Action item
Give the data again exactly, without images.

──────── Available data ────────

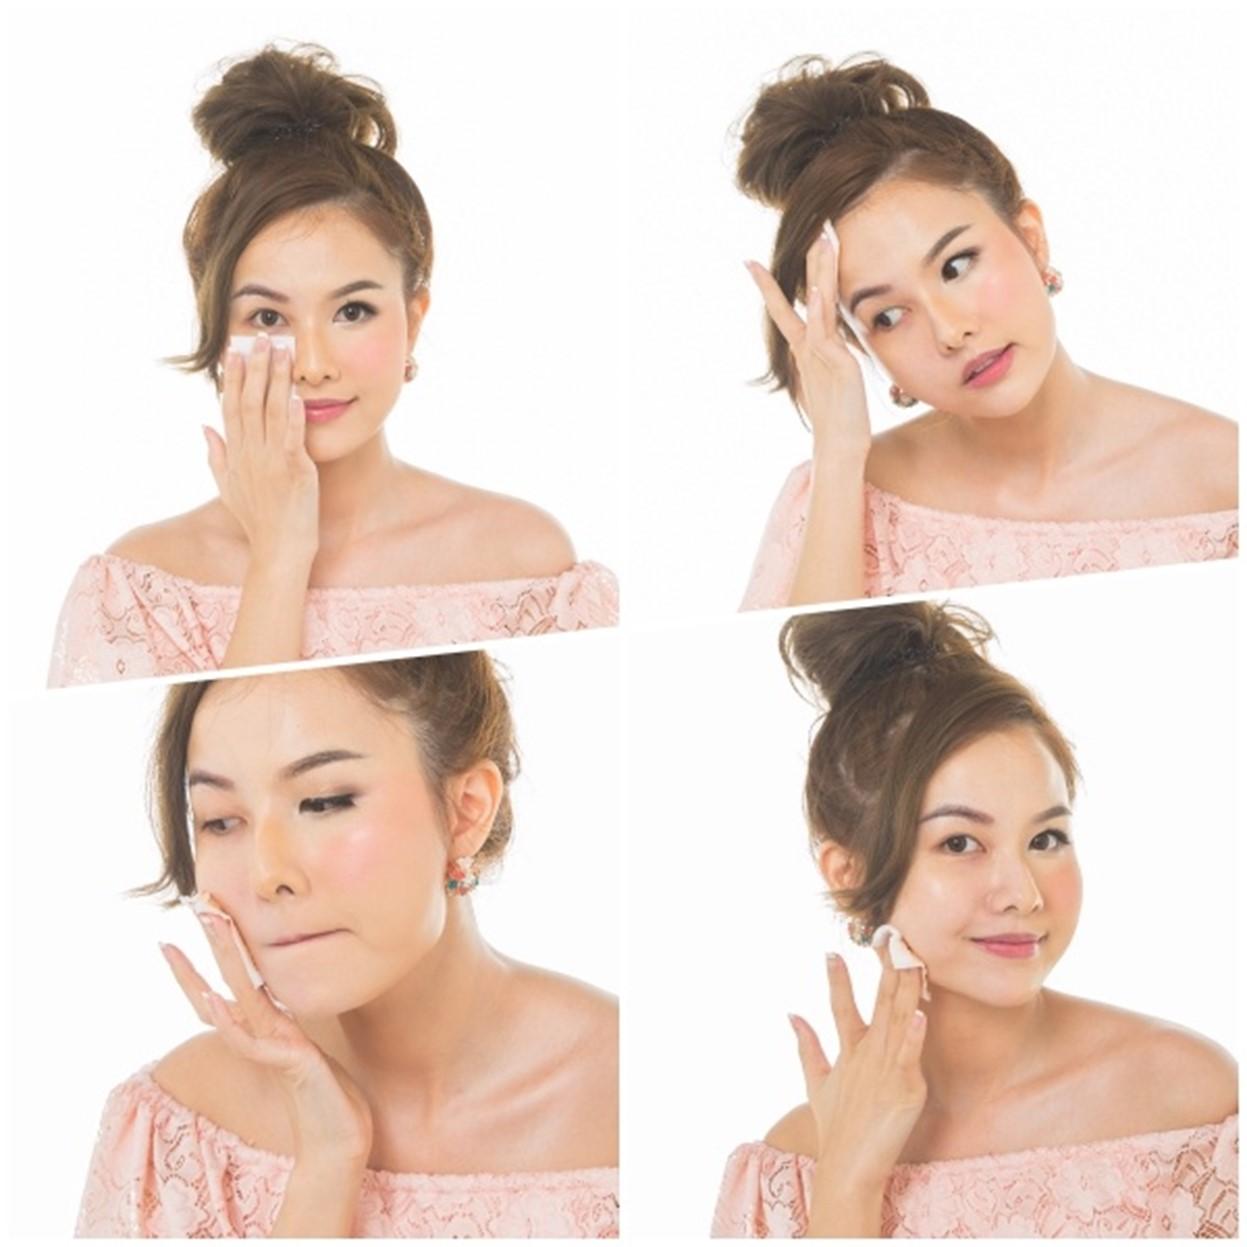 Nước Tẩy Trang Byphasse Micellar Make-up Remover 500ml + Tặng Túi Bông Tẩy Trang Ipek 80 Miếng
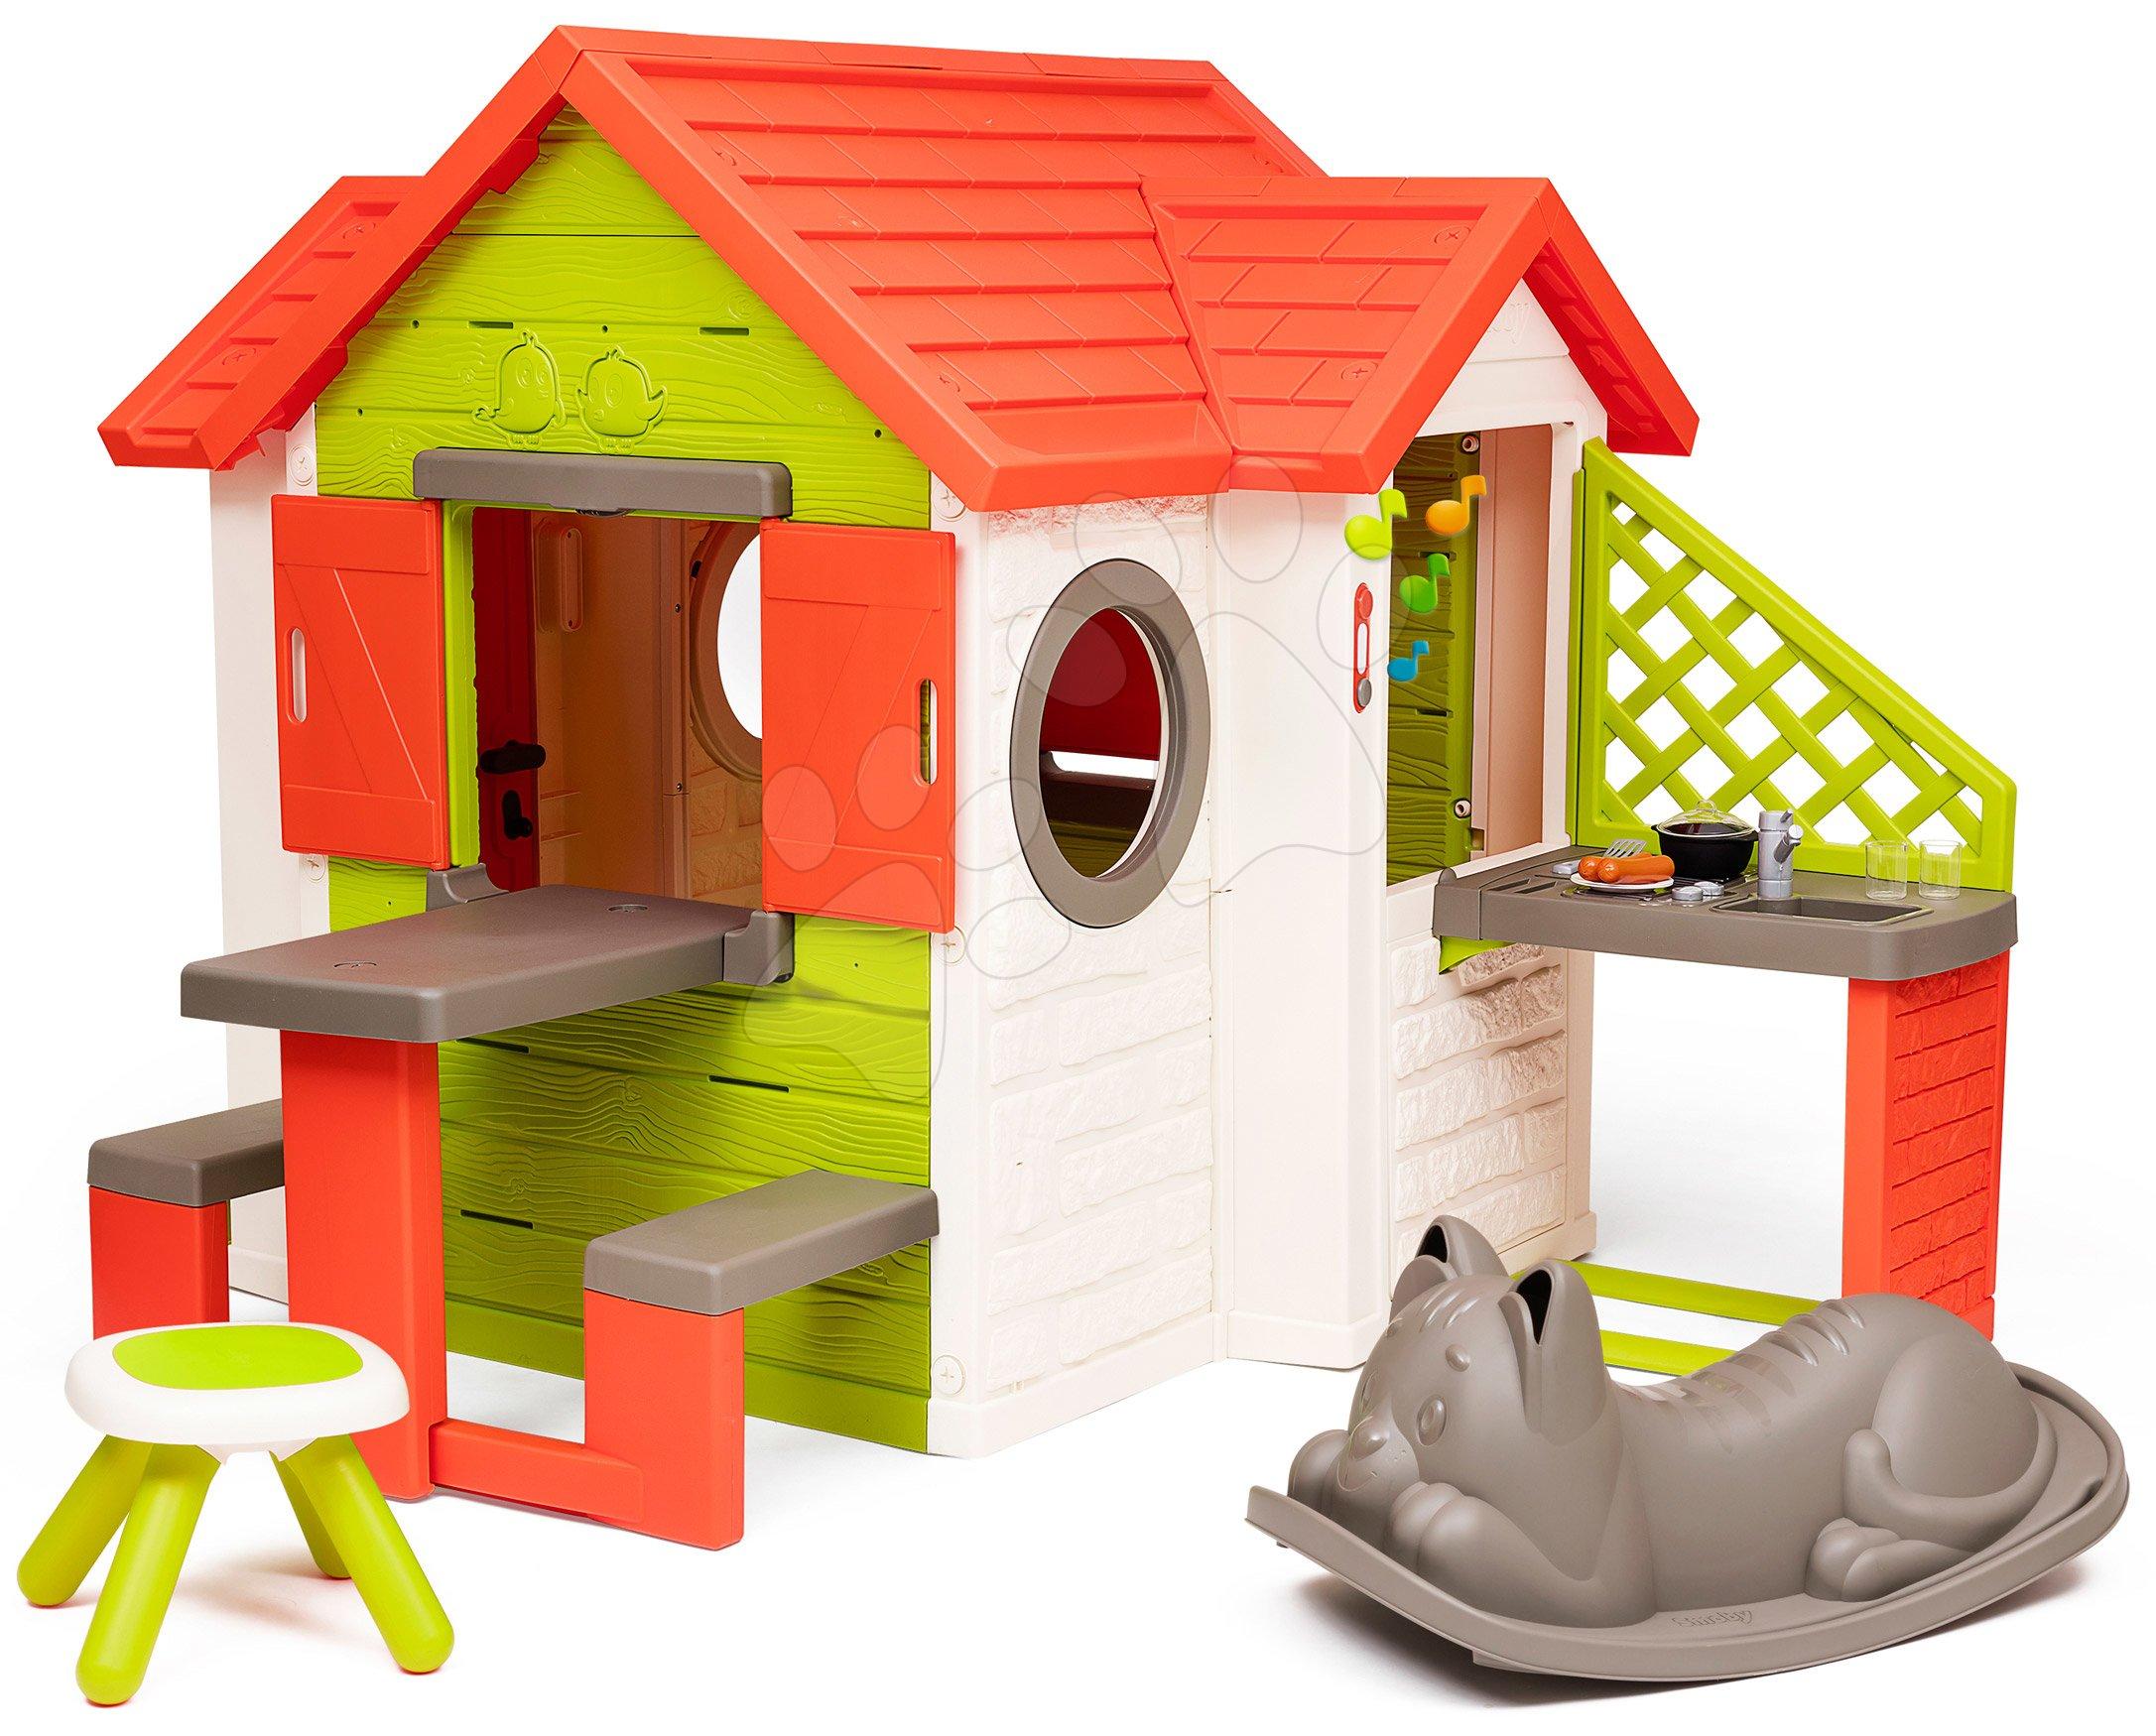 Domeček My Neo House DeLuxe Smoby s nástavbovým řešením a s houpačkou a stolečkem
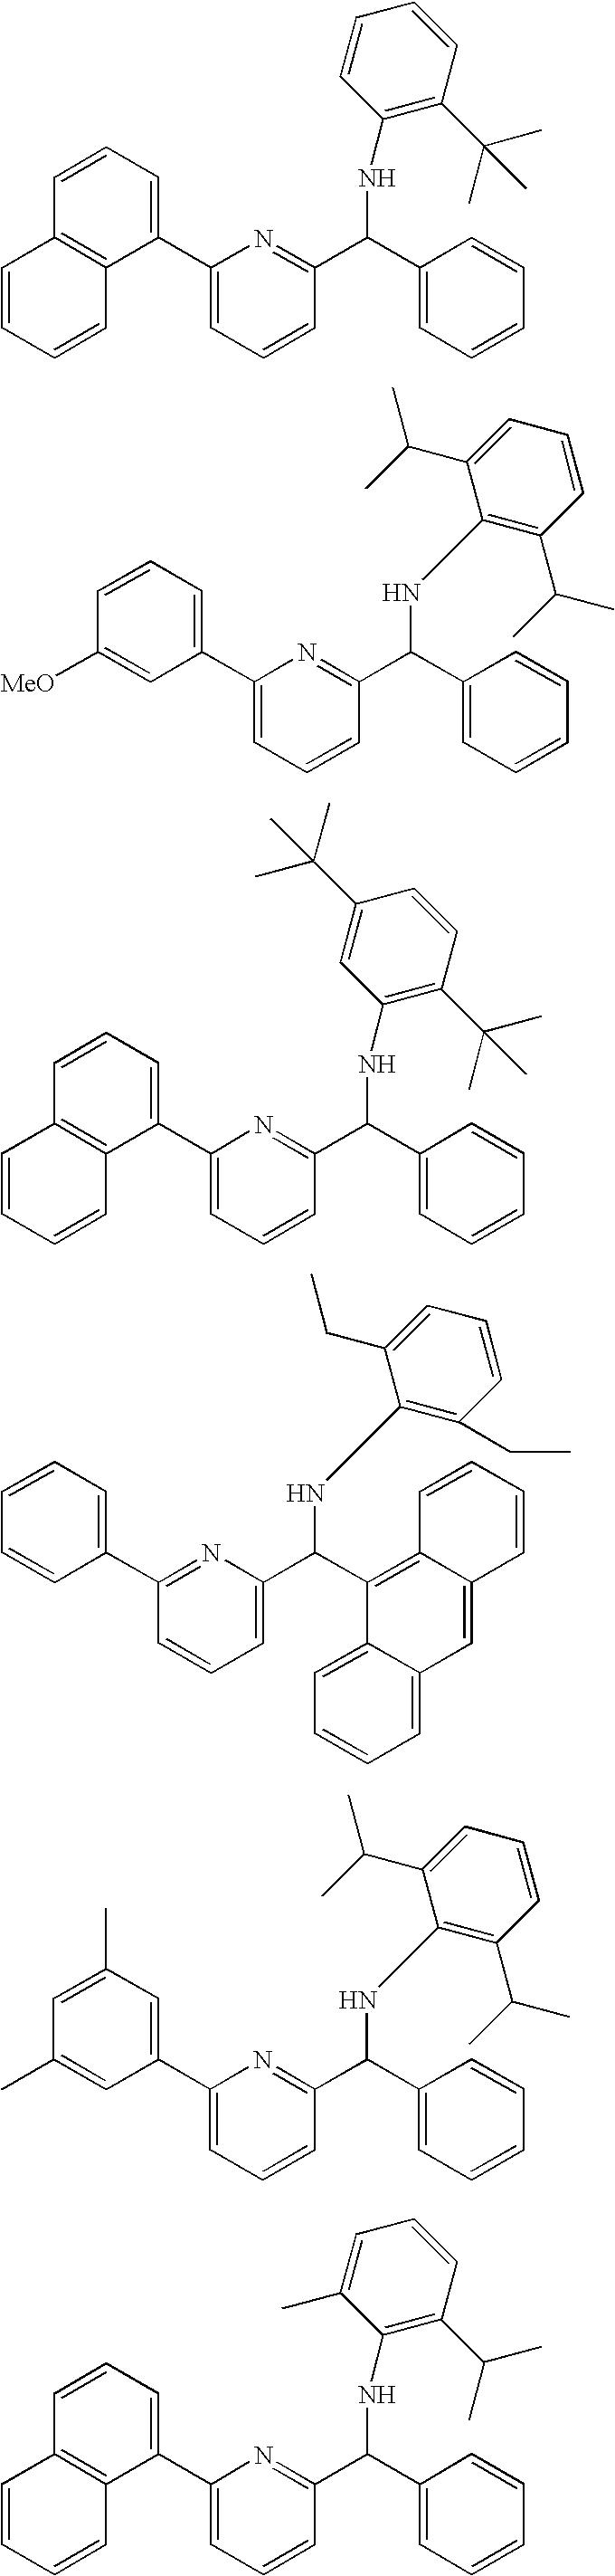 Figure US06900321-20050531-C00021

────────

Answer to this problem
 Nước Tẩy Trang Byphasse Micellar Make-up Remover 500ml + Tặng Túi Bông Tẩy Trang Ipek 80 Miếng
 Domeček My Neo House DeLuxe Smoby s nástavbovým řešením a s houpačkou a stolečkem
 Figure US06900321-20050531-C00021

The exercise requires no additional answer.